Non-FRET Based Methods

Methods for detecting single molecule incorporation without FRET are also conducted. In this embodiment, incorporated fluorescently labeled nucleoside triphosphates are detected by virtue of their optical emissions after sample washing. Primers are hybridized to the primer attachment site of bound chimeric polynucleotides. Reactions are conducted in a solution comprising Klenow fragment Exo-minus polymerase (New England Biolabs) at 10 nM (100 units/ml) and a labeled nucleoside triphosphate in EcoPol reaction buffer (New England Biolabs). Sequencing reactions takes place in a stepwise fashion. First, 0.2 μM dUTP-Cy3 and polymerase are introduced to support-bound chimeric polynucleotides, incubated for 6 to 15 minutes, and washed out. Images of the surface are then analyzed for primer-incorporated U-Cy5. Typically, eight exposures of 0.5 seconds each are taken in each field of view in order to compensate for possible intermittency (e.g., blinking) in fluorophore emission. Software is employed to analyze the locations and intensities of fluorescence objects in the intensified charge-coupled device pictures. Fluorescent images acquired in the WinView32 interface (Roper Scientific, Princeton, N.J.) are analyzed using ImagePro Plus software (Media Cybernetics, Silver Springs, Md.). Essentially, the software is programmed to perform spot-finding in a predefined image field using user-defined size and intensity filters. The program then assigns grid coordinates to each identified spot, and normalizes the intensity of spot fluorescence with respect to background across multiple image frames. From those data, specific incorporated nucleoside triphosphate are identified. Generally, the type of image analysis software employed to analyze fluorescent images is immaterial as long as it is capable of being programmed to discriminate a desired signal over background. The programming of commercial software packages for specific image analysis tasks is known to those of ordinary skill in the art. If U-Cy5 is not incorporated, the substrate is washed, and the process is repeated with dGTP-Cy5, dATP-Cy5, and dCTP-Cy5 until incorporation is observed. The label attached to any incorporated nucleoside triphosphate is neutralized, and the process is repeated.
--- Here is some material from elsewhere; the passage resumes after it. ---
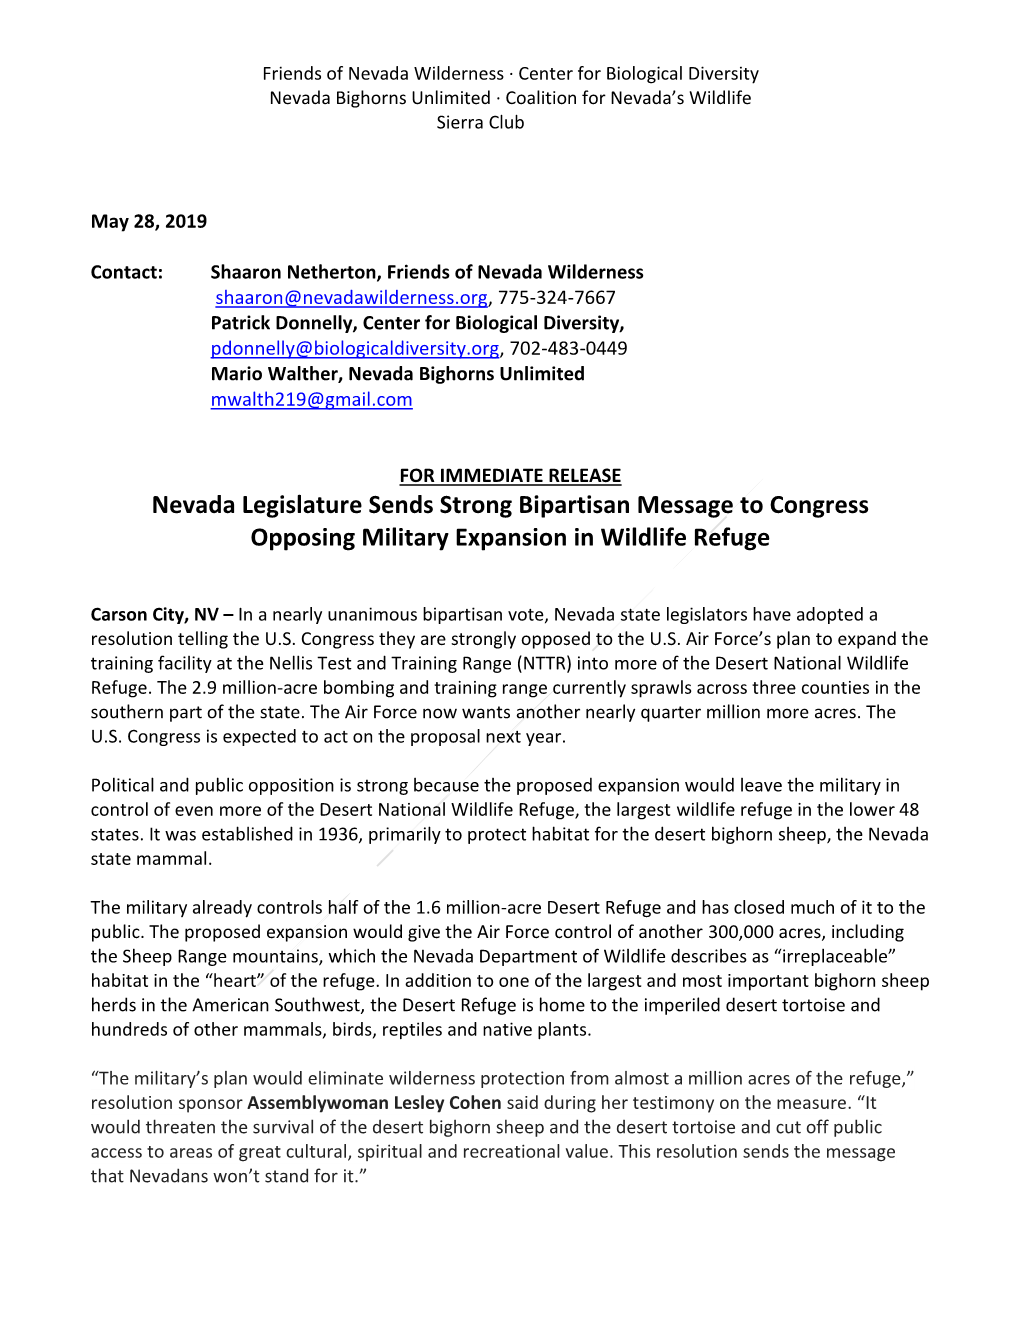 Nevada Legislature Sends Strong Bipartisan Message to Congress Opposing Military Expansion in Wildlife Refuge

To reduce bleaching of the fluorescence dyes, an oxygen scavenging system can be used during all green illumination periods, with the exception of the bleaching of the primer tag.

In order to determine a template sequence, the above protocol is performed sequentially in the presence of a single species of labeled dATP, dGTP, dCTP or dUTP. By so doing, a first sequence can be compiled that is based upon the sequential incorporation of the nucleotides into the extended primer. The first compiled sequence is representative of the complement of the chimeric polynucleotide. As such, the sequence of the chimeric polynucleotides can be easily determined by compiling a second sequence that is complementary to the first sequence. Because the sequence of the oligonucleotide is known, those nucleotides can be excluded from the second sequence to produce a resultant sequence that is representative of the target nucleic acid.

The invention may be embodied in other specific forms without departing from the spirit or essential characteristics thereof. The foregoing embodiments are therefore to be considered in all respects illustrative rather than limiting on the invention described herein. Scope of the invention is thus indicated by the appended claims rather than by the foregoing description, and all changes which come within the meaning and range of equivalency of the claims are therefore intended to be embraced therein.